14 CFR 91.175 is pretty clear that you shouldn't fly the procedure turn in this scenario since you're going to be pretty much aligned with the straight-in approach course. Approaching from the northwest, well that would be different story. So why doesn't the 530W see that you're approaching from the south and figure out that you don't need the procedure turn? Good question ...

Now you could just fly the localizer and ignore the fact that the 530W wants you to turn around after you reach COATI, but then you'll lose the distance and time to each waypoint on the approach. To delete the procedure turn, you'll need to press the FPL (flight plan) button, press the small knob to enter cursor mode, scroll with the large knob to highlight the procedure turn, press CLR, and press ENT twice. A faster and safer solution is to cursor past the procedure turn (or HILO) and press the Direct key, then ENT twice.

In the next installment, I'll discuss vectored approaches with HILO.


eric said...

John, thanks for the great article on this topic! I've got a further question for you, one which we've discussed a bit here at the office to no real satisfactory conclusion. The RNAV (GPS) RWY 16R approach to Paine Field (KPAE) is not the standard GPS 'T' layout - it only has two IAFs depicted, one as HILO and one NoPT from the northwest.

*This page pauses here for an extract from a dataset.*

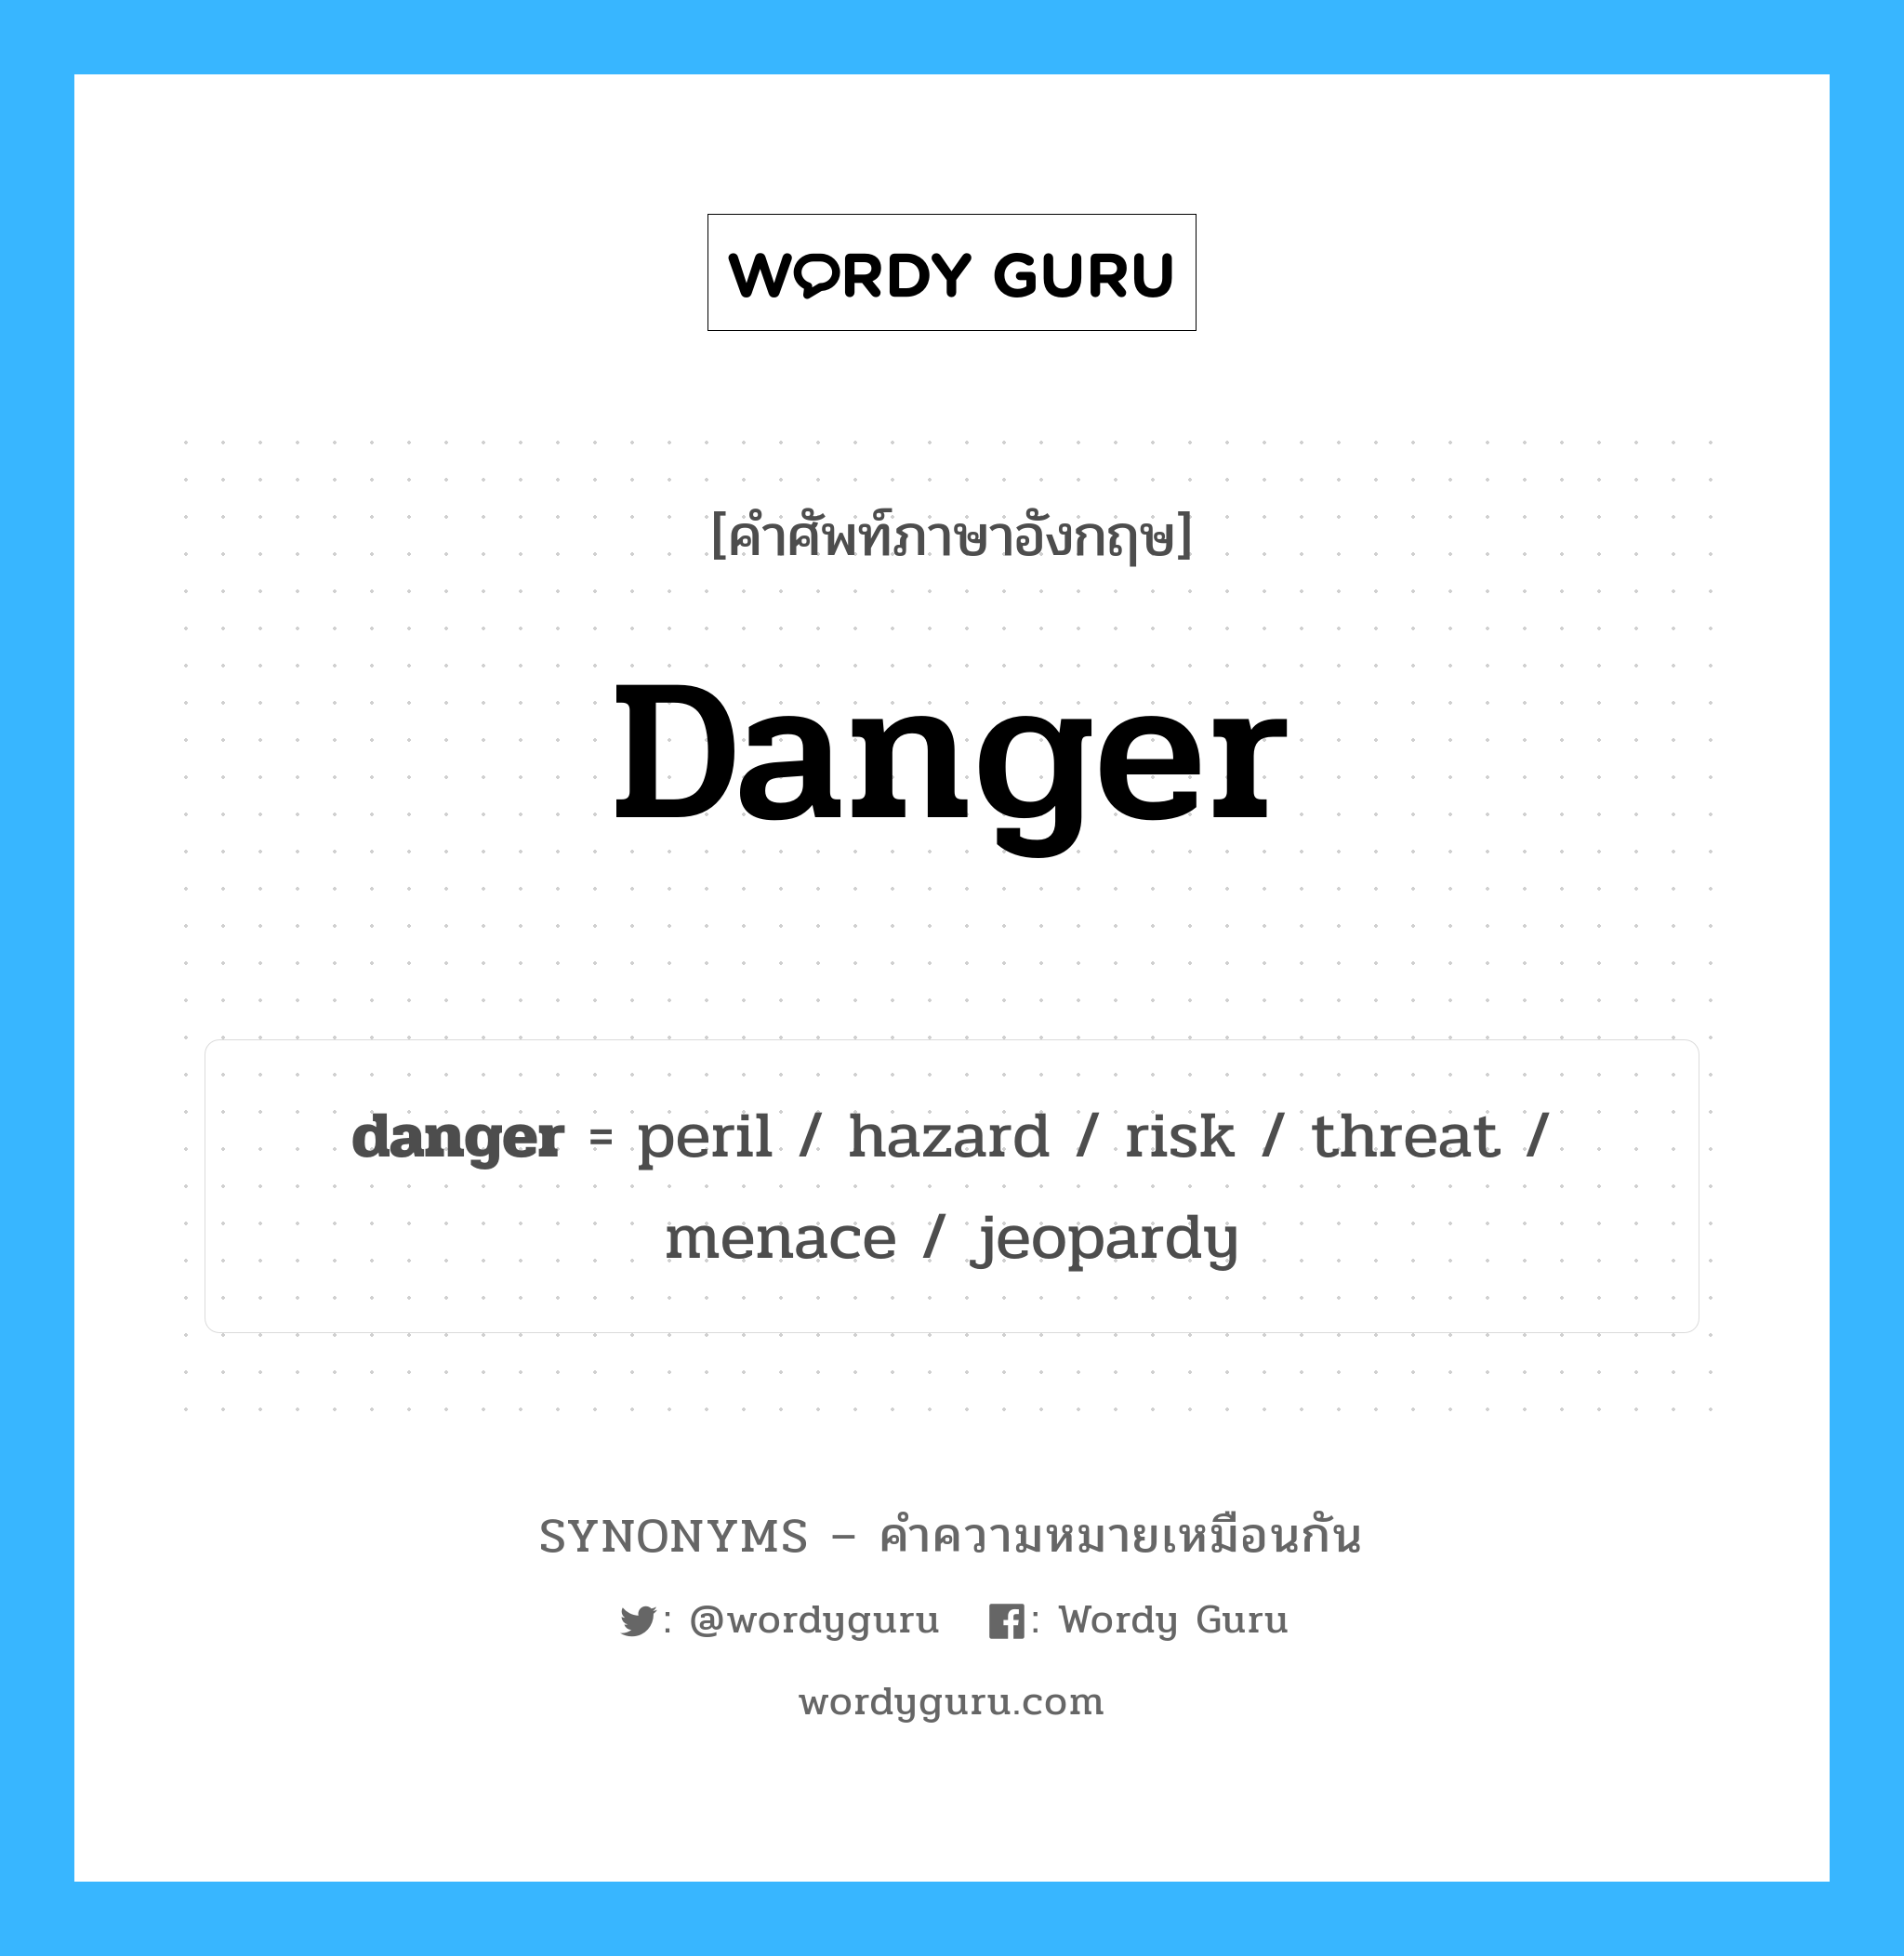 danger เป็นหนึ่งใน threat และมีคำอื่น ๆ อีกดังนี้, คำศัพท์ภาษาอังกฤษ danger ความหมายคล้ายกันกับ threat แปลว่า คุกคาม หมวด threat

More often than not, Seattle Center controllers clear you direct to EYWOK (the HILO IAF) for the straight-in GPS rwy 16R approach from just about anywhere, including well to the southeast. However, once in a while they will simply clear you to EYWOK for the GPS 16R approach - and not specify that it is straight-in. I suppose this is really a two-part question - first, is 'direct EYWOK' considered 'radar vectors'? Secondly, at what point do you have to turn 'too far' to fly it without the course reversal - 90°? 100°? 135°?

I've heard answers from either end of the opinion scale and I'd be interested to see your take on the matter.

John said...

Hi Eric,

Glad you liked my post. On to your questions:

While I'm not a controller, I know controllers are supposed to adhere to Order 7110.65R when vectoring you, but sometimes a controller can be a little fast and loose, especially if you are doing a VFR practice approach.

My reading of Section 6. Vectoring leads me to believe that "proceed direct EYWOK" is a vector (note the item in parenthesis in bold face was added by me). The following items appear under the chapter on Radar control and the section is entitled "Vectoring." Note that the controller is responsible for specifying a safe altitude for you to maintain and you must be in radar contact.

"e. So as to permit it (the aircraft and pilot) to resume its own navigation within radar coverage."

DIRECT (name of fix), ..."

As to whether a controller can clear you direct EYWOK without you doing the Hold In Lieu Of a procedure turn (HILO), Chapter 5 of the AIM may be of some help. From 5-4-5 Instrument Approach Procedure Charts, paragraph d. Terminal Arrival Area (TAA), emphasis added by me:

"3. The "T" design may be modified by the procedure designers where required by terrain or air traffic control considerations. For instance, the "T" design may appear more like a regularly or irregularly shaped "Y", or may even have one or both outboard IAFs eliminated resulting in an upside down "L" or an "I" configuration. (See FIG 5-4-3 and FIG 5-4-10). Further, the leg lengths associated with the outboard IAFs may differ. (See FIG 5-4-5 and FIG 5-4-6)."

"7. Just as the underlying "T" approach procedure may be modified in shape, the TAA may contain modifications to the defined area shapes and sizes. Some areas may even be eliminated, with other areas expanded as needed. FIG 5-4-10 is an example of a design limitation where a course reversal is necessary when approaching the IF (IAF) from certain directions due to the amount of turn required at the IF (IAF). Design criteria require a course reversal whenever this turn exceeds 120 degrees. In this generalized example, pilots approaching on a bearing TO the IF (IAF) from 300° clockwise through 060° are expected to execute a course reversal. The term "NoPT" will be annotated on the boundary of the TAA icon for the other portion of the TAA."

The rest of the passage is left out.